Re: [DISCUSS] More Maintenance Releases

2015-06-22 Thread Allen Wittenauer

If 2.6 is the target, someone will have to verify that any 
cherry-picked patches actually work with JDK6 since the PMC voted to officially 
kill backward compatibility in a minor release. It’s going to be easier and 
probably smarter to fix 2.7 if that’s really desired. [1]

Frankly, I’d rather see effort spent on stabilizing trunk and ditching 
the now broken branch-2.  We’re approaching the 4 year anniversary of 0.23.0’s 
release (which later begat 2.x, which is already past the 3 year mark).  It’s 
hard to claim health when its been so long since a branch off of trunk was cut 
and turned into something official.  

[1] Kengo and I are hard at work getting multiJDK testing working in Yetus, but 
it’s not quite ready for prime time. :( It could certain help here, but… it’s 
not very stable yet.

On Jun 22, 2015, at 7:50 AM, Karthik Kambatla  wrote:

> Thanks for starting this thread, Akira.
> 
> +1 to more maintenance releases. More stable upstream releases avoids
> duplicating cherry-pick work across consumers/vendors, and shows the
> maturity of the project to users.
> 
> I see value in backporting blocker/critical issues, but have mixed feelings
> about doing the same for major/minor/trivial issues. IMO, every commit has
> non-zero potential to introduce other bugs. Depending on the kind of fix
> (say, documentation), it might be okay to include these non-critical fixes.
> One approach could be to allow all bug fixes for 2.x.1, blocker/critical
> for 2.x.2, blocker for 2.x.3 (or something along those lines) to ensure
> increasing stability of maintenance releases?
> 
> I am also +1 to any committer picking up RM duties for a maintenance
> release.

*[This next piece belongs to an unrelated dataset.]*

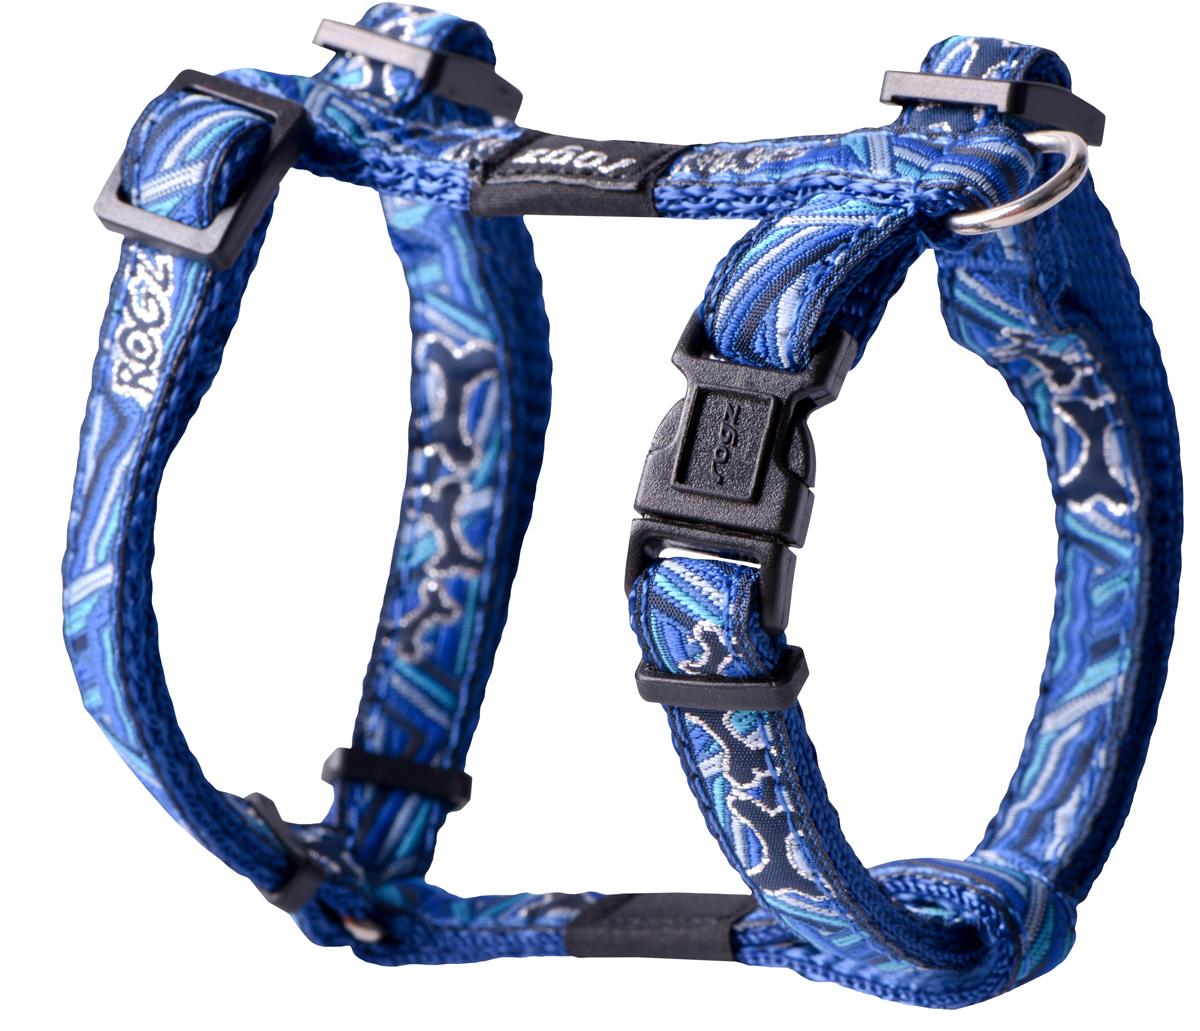 Шлейка для собак Rogz Fancy Dress, цвет: голубой, ширина 1,1 см0120710Шлейка для собак Rogz Fancy Dress имеет необычный дизайн. Широкая гамма потрясающе красивых орнаментов на прочной тесьме поверх нейлоновой ленты украсит вашего питомца.Застегивается, не доставляя неудобство собаке.Специальная конструкция пряжки Rog Loc - очень крепкая(система Fort Knox). Замок может быть расстегнут только рукой человека.С помощью системы ремней изделие подгоняется под животного индивидуально.Необыкновенно крепкая и прочная шлейка.Выполненные по заказу литые кольца выдерживают значительные физические нагрузки и имеют хромирование, нанесенное гальваническим способом, что позволяет избежать коррозии и потускнения изделия.Легко можно прикрепить к ошейнику и поводку.

It is healthy to have more people participate in the release
> process, so long as we have some method to maintenance release madness.
> 
> A committer (who is not yet a PMC member) could be a Release Manager, but
> his vote is not binding for the release. I RM-ed the 2.5.x releases as a
> committer. RM-ing a release and voting non-binding could be a good way to
> remind the PMC to include the committer in PMC :)
> 
> Cheers
> Karthik
> 
> On Mon, Jun 22, 2015 at 4:36 AM, Tsuyoshi Ozawa  wrote:
> 
>> Hi Akira,
>> 
>> Thank you for starting interesting topic. +1 on the idea of More
>> Maintenance Releases for old branches. It would be good if this
>> activity is more coupled with Apache Yetus for users.
>> 
>> BTW, I don't know one of committers, who is not PMC, can be a release
>> manager. Does anyone know about this?  It's described in detail as
>> follows: http://hadoop.apache.org/bylaws#Decision+Making
>> 
>>> Release Manager
>>> A Release Manager (RM) is a committer who volunteers to produce a
>> Release Candidate according to HowToRelease.
>>> 
>>> Project Management Committee
>>> Deciding what is distributed as products of the Apache Hadoop project.
>> In particular all releases must be approved by the PMC
>> 
>> Thanks,
>> - Tsuyoshi
>> 
>> On Mon, Jun 22, 2015 at 6:43 PM, Akira AJISAKA
>>  wrote:
>>> Hi everyone,
>>> 
>>> In Hadoop Summit, I joined HDFS BoF and heard from Jason Lowe that Apache
>>> Hadoop developers at Yahoo!, Twitter, and other non-distributors work
>> very
>>> hard to maintenance Hadoop by cherry-picking patches to their own
>> branches.
>>> 
>>> I want to share the work with the community. If we can cherry-pick bug
>> fix
>>> patches and have more maintenance releases, it'd be very happy not only
>> for
>>> users but also for developers who work very hard for stabilizing their
>> own
>>> branches.
>>> 
>>> To have more maintenance releases, I propose two changes:
>>> 
>>> * Major/Minor/Trivial bug fixes can be cherry-picked
>>> * (Roughly) Monthly maintenance release
>>> 
>>> I would like to start the work from branch-2.6. If the change will be
>>> accepted by the community, I'm willing to work for the maintenance, as a
>>> release manager.
>>> 
>>> Best regards,
>>> Akira
>> 
> 
> 
> 
> -- 
> Karthik Kambatla
> Software Engineer, Cloudera Inc.
> 
> http://five.sentenc.es



Re: [DISCUSS] More Maintenance Releases

2015-06-22 Thread Karthik Kambatla
Thanks for starting this thread, Akira.

+1 to more maintenance releases. More stable upstream releases avoids
duplicating cherry-pick work across consumers/vendors, and shows the
maturity of the project to users.

I see value in backporting blocker/critical issues, but have mixed feelings
about doing the same for major/minor/trivial issues. IMO, every commit has
non-zero potential to introduce other bugs. Depending on the kind of fix
(say, documentation), it might be okay to include these non-critical fixes.
One approach could be to allow all bug fixes for 2.x.1, blocker/critical
for 2.x.2, blocker for 2.x.3 (or something along those lines) to ensure
increasing stability of maintenance releases?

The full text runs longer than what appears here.